Tony and Amanda were a strong couple, accenting one another's particular strengths and weaknesses. Tony, though hard on the outside, was a softy, finding himself upset by things like movie endings and music. Amanda razzed Tony about this. Tony, on the other hand, had saw Amanda cry only a handful of times in their relationship. Amanda wasn't fond of exercise and health consciousness, despite studying medicine. Tony was an athletic machine that took pleasure in pushing himself to the physical limit. Despite the checks and balance system innate to their relationship, something crumbled during the four-year anabasis of Tony and Amanda attaining degrees and situating themselves in their imminent adulthood. Nobody is certain just what it was, but we know it was a virulent bastard that left Amanda starting a new life and Tony ending one.

One evening Tony called me:

"Dude, Amanda dumped me."

"Holy shit, man. Why? What's up?"

"I don't know. I didn't really get a straight answer."

"Man, I'm sorry. That's a bitch."

"Yeah. I'm not sure she even knows why."

"Probably not, man. Not if it just came out of the blue like that. She might know something, but it's probably all too fresh, unless she's known and been playing it off until the time was right."

"Yeah."

"It's a bit conspicuous. She waited until she didn't have to see you face to face to do it. Hell, she let you move her to Morgantown and waited until you were deadlocked in Alabama to tell you. Relationships only end in mystery on one of the two sides, ya know?"

"I'm in fucking Texas," he said.

"Texas! Christ, what the hell are you doing in Texas?"

"There wasn't enough work in Alabama so they sent us to Texas. That's where the company is based out of."

"Oh."

"I called Walmart the other day to try and see if they had a movie I wanted. I couldn't get anywhere because nobody here speaks any fucking English. . . "

The last I knew, Tony was in Alabama installing security systems, saving up money for he and Amanda. Not one week after this was fact, I find out he was alone and broken hearted in a desiccated state full of foreign language:

"I don't know what to do, man," Tony said.

"What choice do you have?"

"I don't know."

"Get your ass home, brother."

"I'm probably going to break down when I get there."

"Who gives a shit, man?"

"There are plenty of hugs to go around," Angel asserted, being close enough to hear the conversation.

Tony didn't break down when he got home. He broke his diet, licking his wounds with Oreos one pack at a time, but I never seen him shed a tear or take a drink over his loss.
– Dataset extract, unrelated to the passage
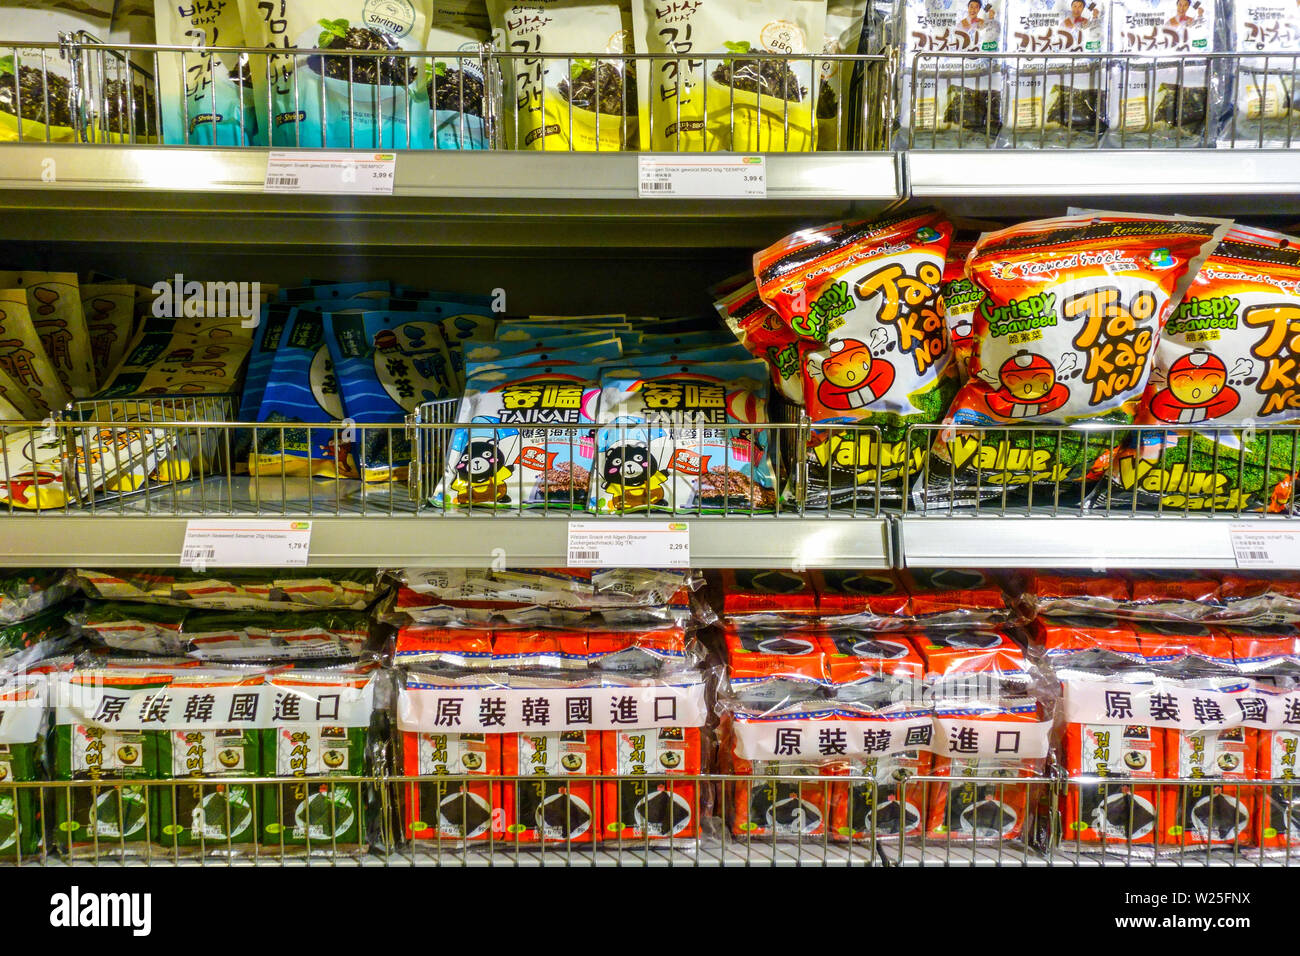 Asiatischer Supermarkt 'Go Asia' Supermarktregale, Seegras Dresden, Deutschland Supermarktregal Stockfoto

He slept in late on some days. He lay around and surfed the Internet. We played extra hard, exercising, biking, and swimming. We spent a couple of weeks just being guys, just being active and rough and tumble so he could get it out. I felt bad for Tony. I'd been in that place before. Personally, there's no place worse that I've known. But I prevailed, and he would too. I found out it was Amanda who I really worried for and still do.

Tony needed to get his stuff back from Amanda's apartment:

"I need to get my stuff."

"We'll get it for you."

"Well, do you think I should get it myself?"

"Absolutely not."

"You don't think I s—"

"No."

"What if—"

"No. Angel and I will go and get it. Make us a list."

"Okay."

I felt bad for Amanda from the start. For some reason, her new life as a doctor in West Virginia meant severing herself from elements of her prior life. This thought process is gobbledygook. Nobody has the luxury of leaving one life for another. Life is a continuum. Any other belief is denial or fantasy. She should have known that already. There was some facade in her mind of how her life was meant to be, and it varied greatly from reality.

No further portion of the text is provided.